Frankfurt am Main, Deutschland (Weltexpress) – Wenn die Krähen Appetit auf eine Maus haben und ein Turmfalke in der Nähe ist, besetzen sie rund um eine weitläufige Wiese die umliegenden Bäume und überlassen ihm einen Baum. Anschließend bedrängen und jagen sie ihn zum nächsten freien Baum, dann wiederum zum nächsten, und so geht das Spiel weiter, bis der Falke aufgrund seiner Herumfliegerei hungrig wird und nach Mäusen jagt. Hat er eine gefangen und will sie in Ruhe auf seinem Baum verspeisen, setzen sie sich unter ihn und fangen an, ihn wiederum zu bedrängen und über die Wiese zu jagen, bis sie das Glück haben, dass er die Maus fallen lässt. Dann streiten sie sich jedoch nicht um diese, sondern die Verspeisung erfolgt nach einer hierarchischen Rangfolge.
Nach den Rückschlüssen eines Vogelbeobachters im Frankfurter Niddapark macht der Turmfalke dieses Spiel jedoch freiwillig mit, er vermutet, um sich fit zu halten, denn er hält die Maus in beiden Fängen. Hält er sie nur in einem Fang, haben die Krähen einen Heidenrespekt vor den Krallen nur eines Fanges und lassen ihn in Ruhe.
Beim Joggen im Niddapark sah ich am Rande der großen Wiese nahe der Nidda einen älteren Herrn auf einer Bank mit einem Fernrohr sitzen. Ich hielt an und fragte ihn, wozu er dieses benutze. Daraufhin erzählte er mir enthusiastisch spannende Geschichten über seine Vogelbeobachtungen. Seit vielen Jahren sitzt er an dieser Wiese, schon zu einer Zeit, als sie noch keine offizielle Hundeweise war und sich noch viel mehr Mäuse dort befanden. Die Hunde buddeln oft nach Wühlmäusen und vertreiben sie dadurch. Vor allem beobachtet er neben Krähen und Elstern Raubvögel wie Turmfalken, Sperber, Mäusebussarde und Habichte.
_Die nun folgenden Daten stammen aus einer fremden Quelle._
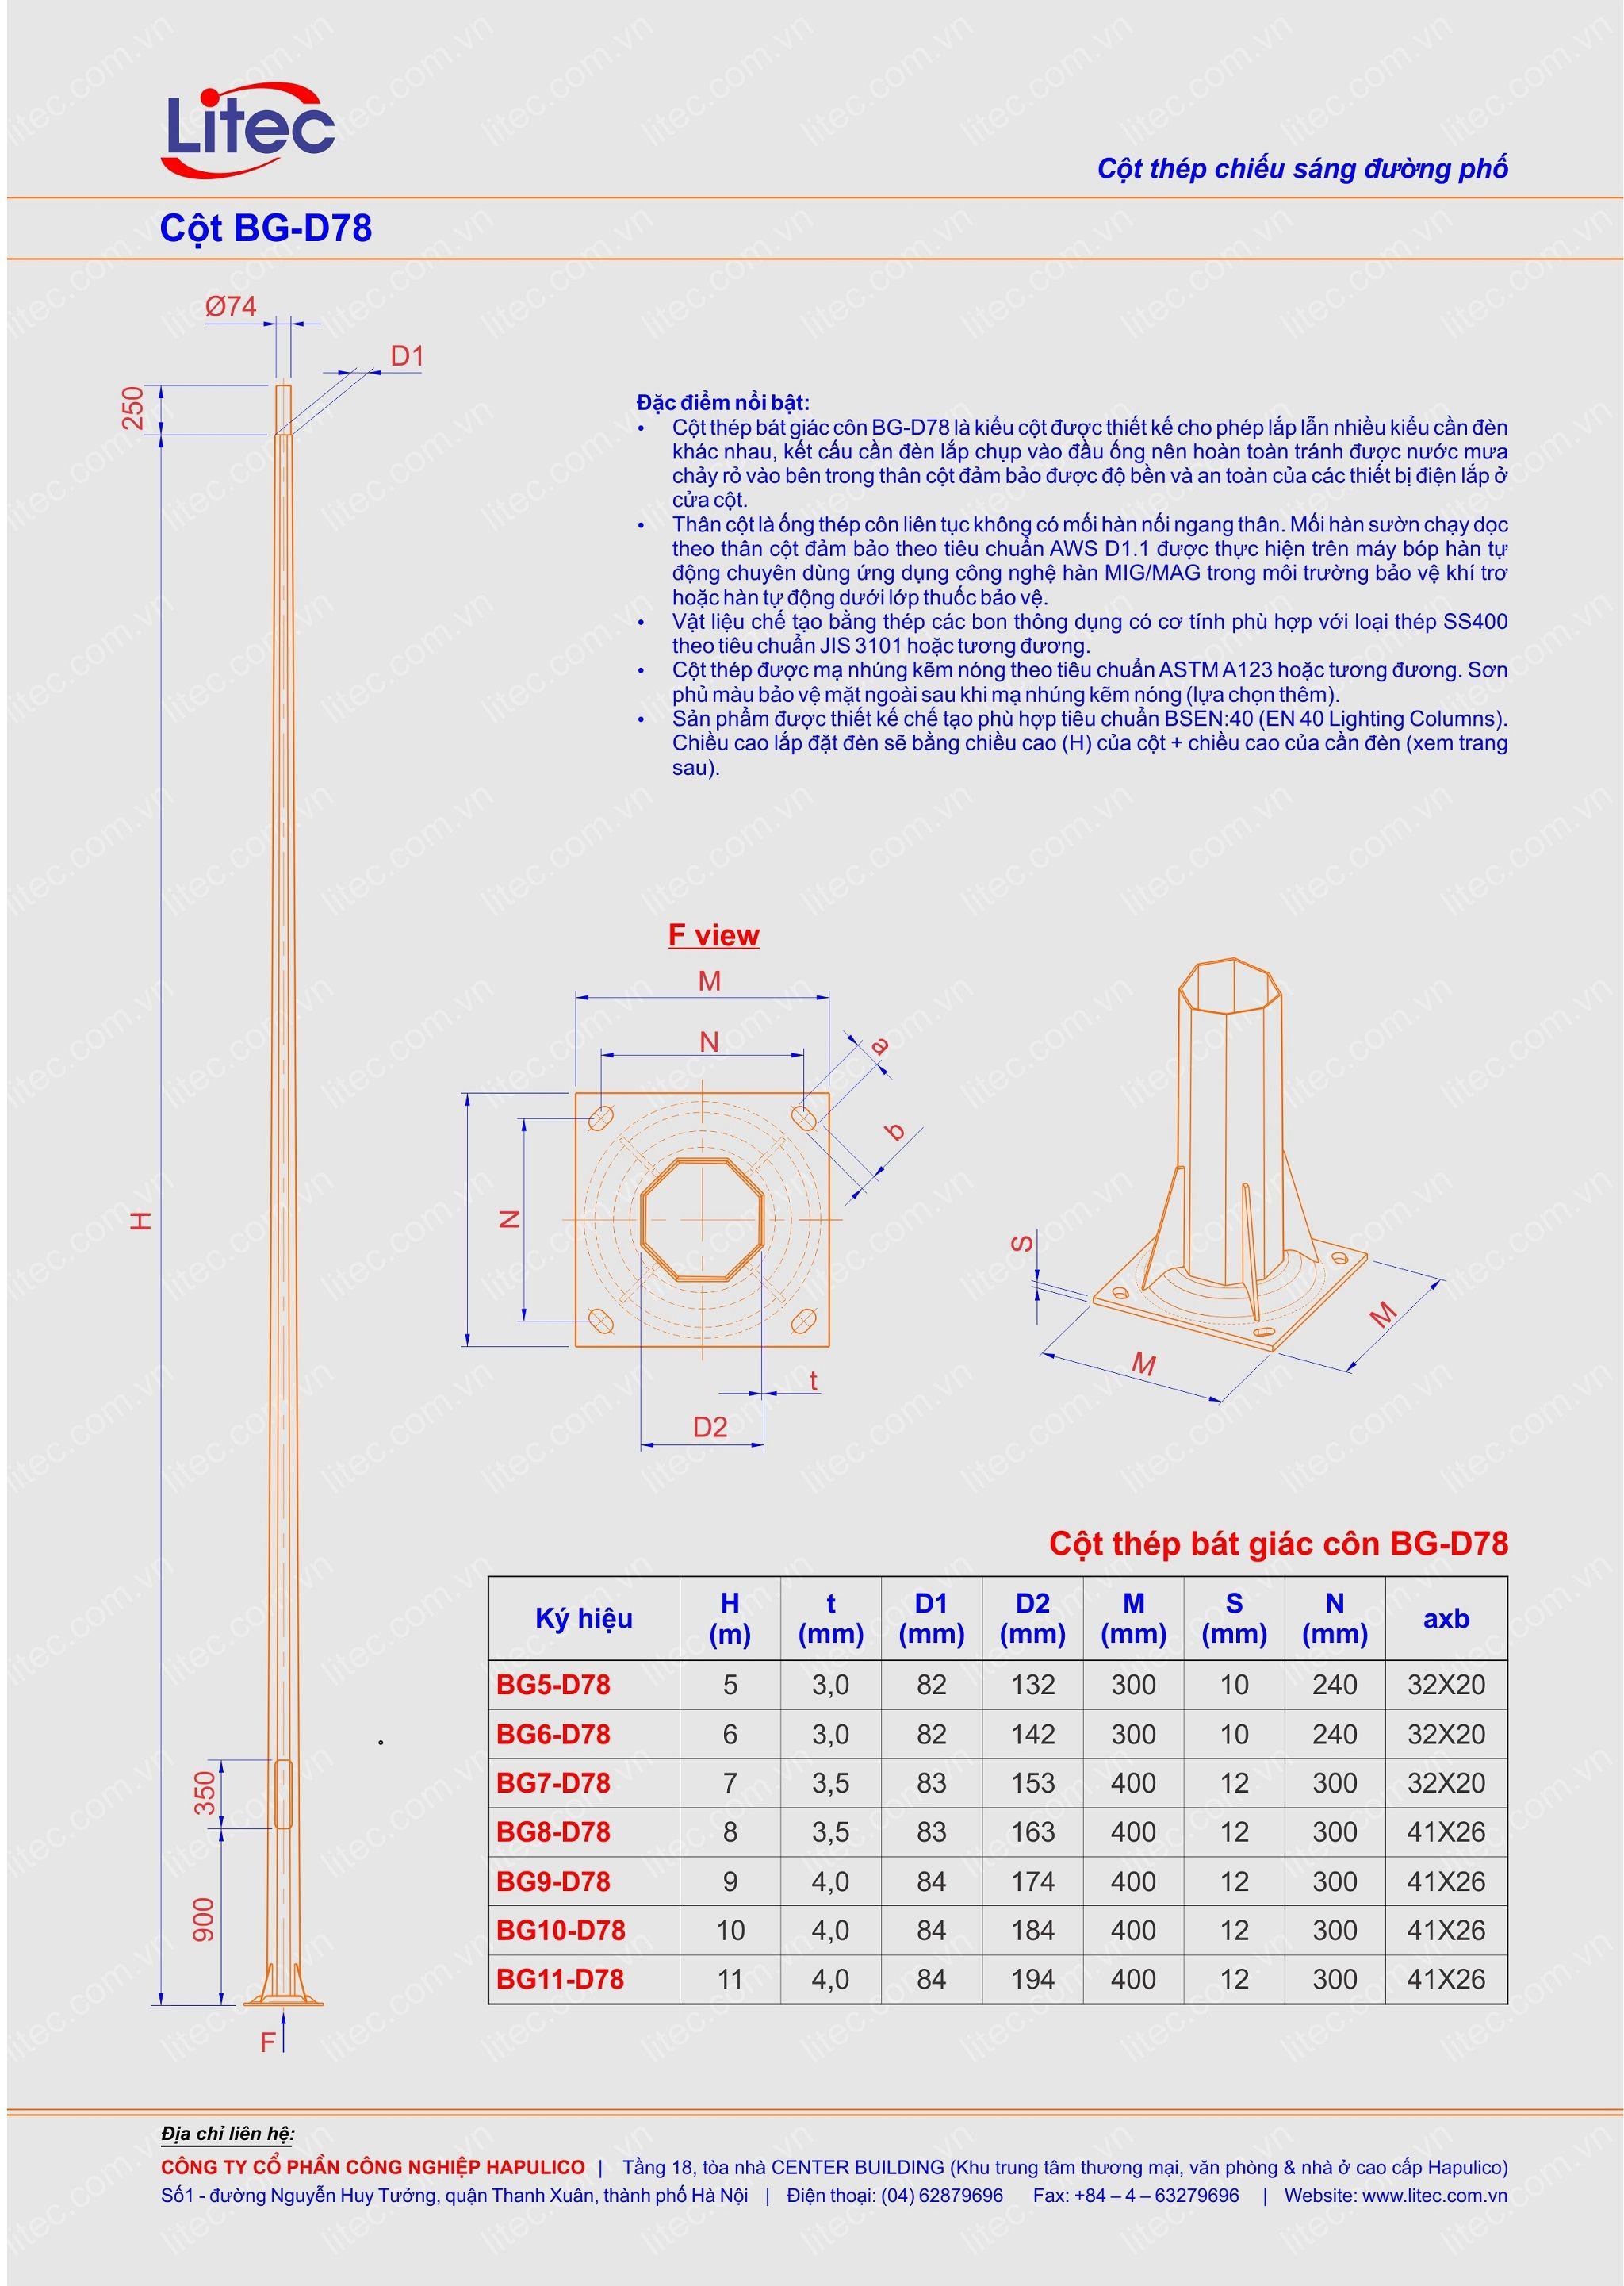 Cột đèn bát giác rời cần BG-D78 6M 7M 8M 9M 10M 11M
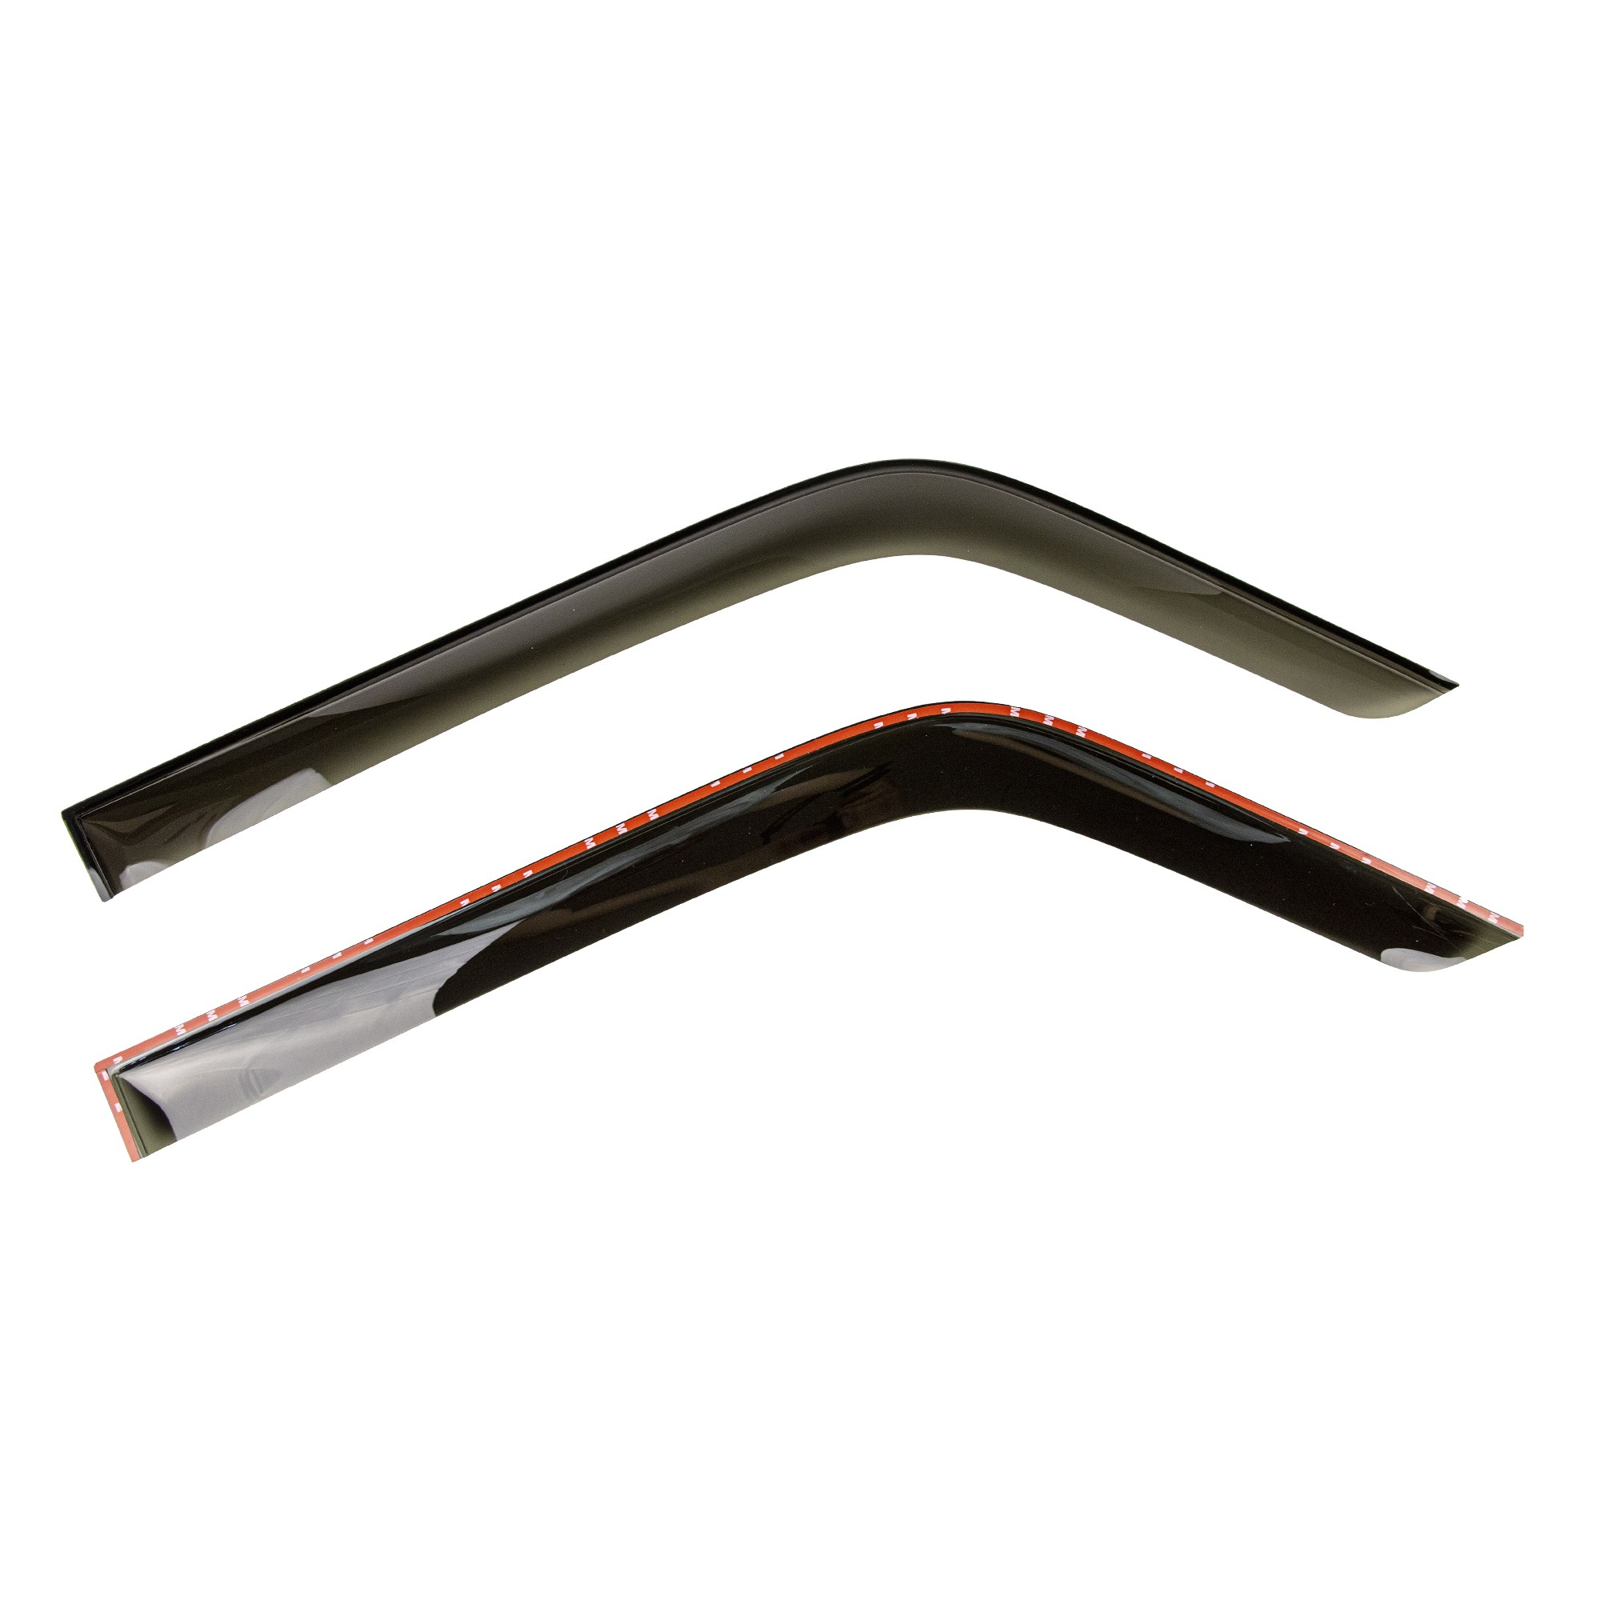 Дефлекторы боковых стекол (ветровики) ТТ с пролжением для LADA Niva Legend с 2009 г.в.(3дв.)

Für ihn sind die Vögel die reinsten Plaudertaschen. Ihre Kommunikation mit Gesten, Kopfhaltungen, Flügelschlägen, selten lauterem Gekrächze und Geschrei, denn dadurch würden sie ihren Standpunkt verraten, versucht er zu enträtseln.
Er zeigt mir drei Mäusebussarde, die miteinander kämpfen, um ihrer Rangordnung zu klären, hier und dort einen Turmfalken im typischen Rüttelflug, in der Nähe ist sogar dessen „ti,ti,ti“ zu hören, der von oben die Wiese beobachtet und plötzlich herunter schießt. Ein Falke soll im Sturzflug 280 km Geschwindigkeit erreichen, erklärt er mir, kein Wunder, dass er erfolgreicher in der Mäusejagd als Krähen ist. Aber wie diese ihn für ihre Zwecke einzusetzen verstehen, hat er wie oben beschrieben beobachtet. Begeistert erzählt er seine Beobachtungen im Frühjahr während des Balzfluges. Dann weist er auf junge Bussarde hin. Sie unterscheiden sich unter dem Bauch durch eine noch schwächere längsgestreifte Zeichnung von der ausgeprägteren Querstreifung der ausgewachsenen Vögel.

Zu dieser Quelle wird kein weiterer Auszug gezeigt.